If you look at the Phase Diagram page you'll see that to make protein crystals grow we need an initial nucleation event to occur in the so-called 'nucleation zone'. Once this happens, the effective 'soluble' protein concentration reduces as the crystal grows until the protein becomes 'undersaturated'. But how do we get that initial nucleation event? We could set up lots of screens with various protein concentrations using the microbatch technique (see the next page) in the hope that a few of the drops we set up will be in the nucleation zone from the outset.

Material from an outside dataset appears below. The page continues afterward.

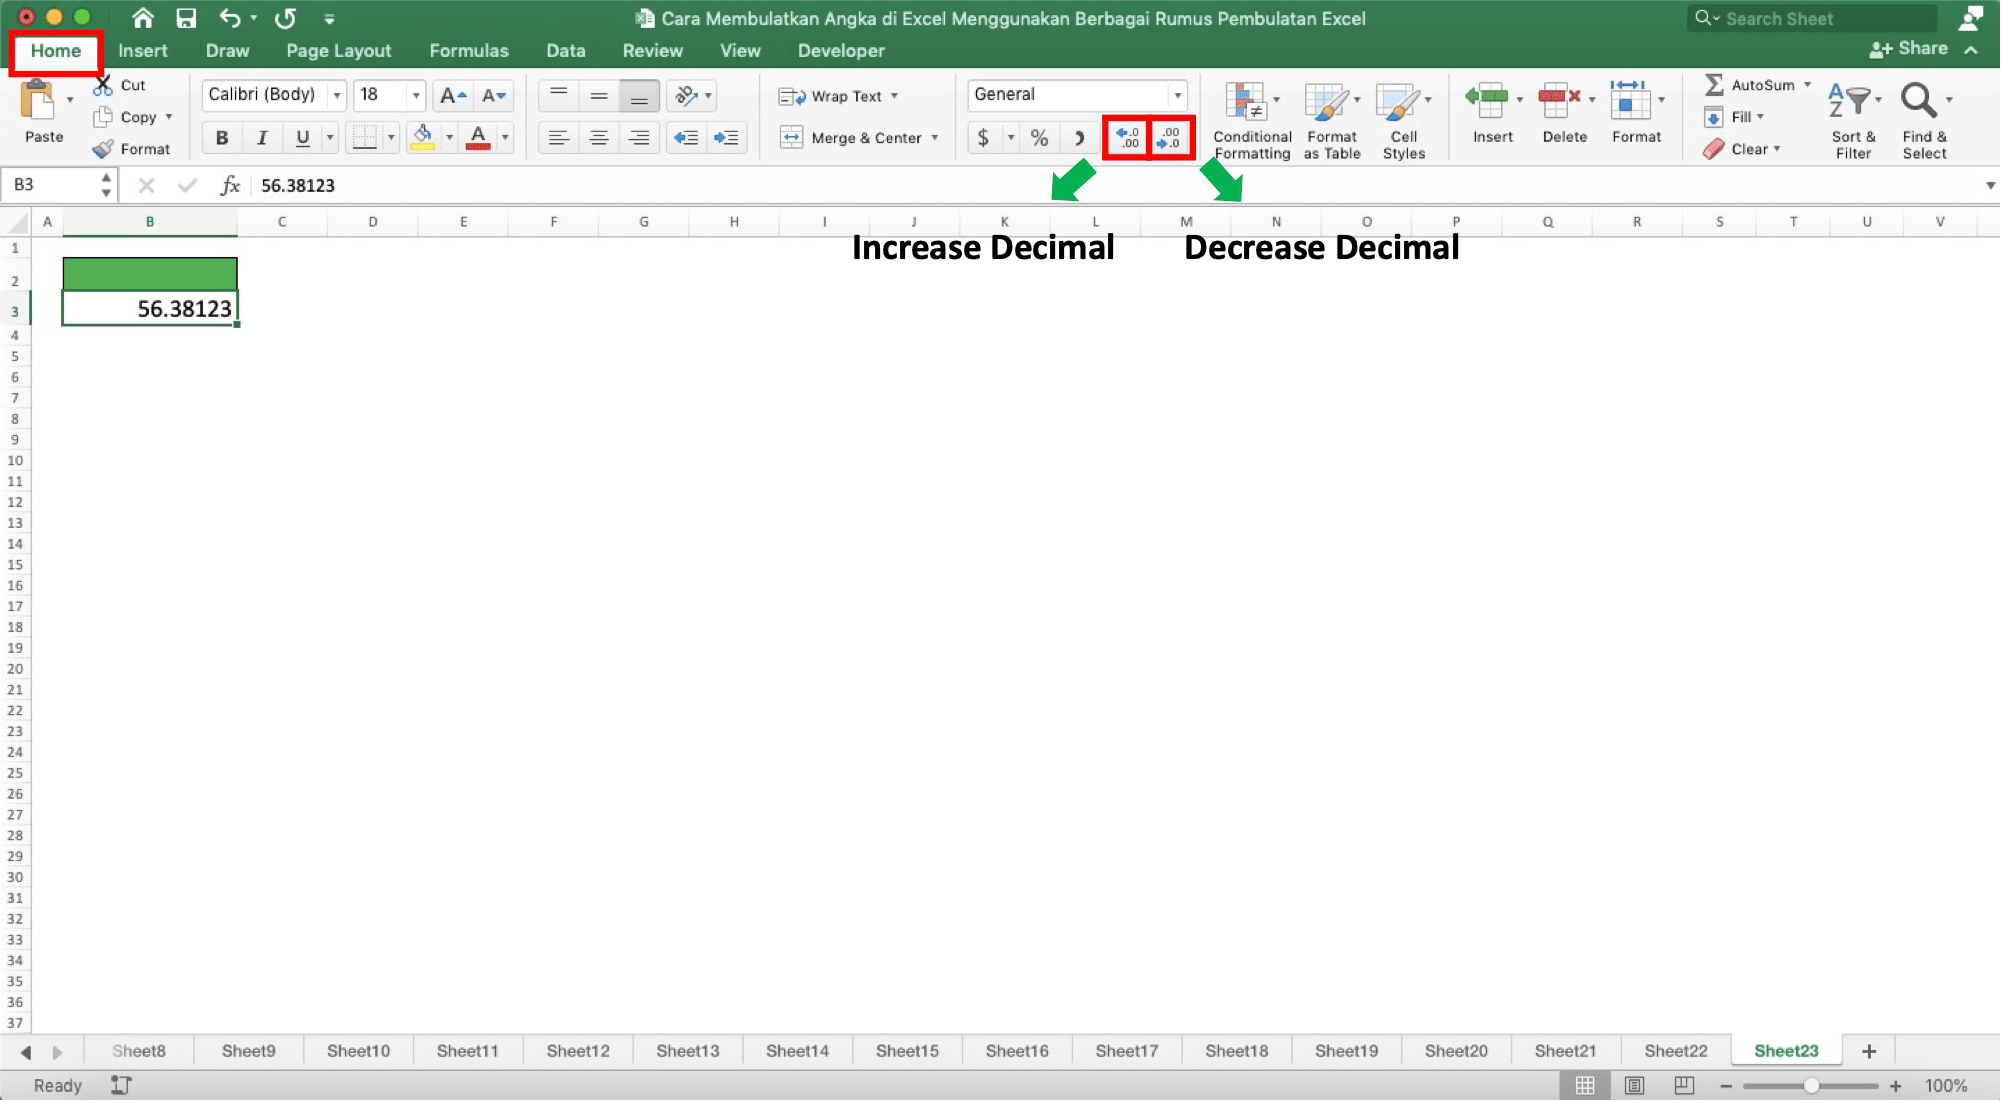 Cara Membulatkan Angka di Excel Menggunakan Berbagai Rumus Pembulatan Excel - Screenshot Lokasi Tombol Increase Decimal dan Decrease Decimal

However, the vapour diffusion technique does a lot of this work for us. The stock precipitant condition is mixed with the protein stock in a small drop (typically 0.2 -2 ul) and then allowed to equilibrate with a much larger reservoir of the condition in a sealed container. Since the small drop contains a compartively lower concentration of the precipitant (it has been diluted by the protein stock....), moisture will evaporate from the drop to the large reservoir until the precipitant concentration in both approaches equilibrium. The protein concentration in the drop effectively increases, hopefully moving through the Phase Diagram from either the Undersaturated or Metastable zones and into the Nucleation zone. If conditions are right, nucleation will take place and your protein crystal will start to grow.This technique is incredibly powerful since it screens a large area of 'crystallisation space' with each condition. You do not necessarily need to finely tune your protein concentration since equilibration will hopefully do it for you (as long as the concentration is low enough to start with....). Regularly checking your trays as
equilibrium takes place is essential!
The Department has a Cartesian robot that can very quickly set up 96-condition sitting-drop vapour diffusion experiments with numerous commercial screens. 25 ul of your protein stock is enough for one tray!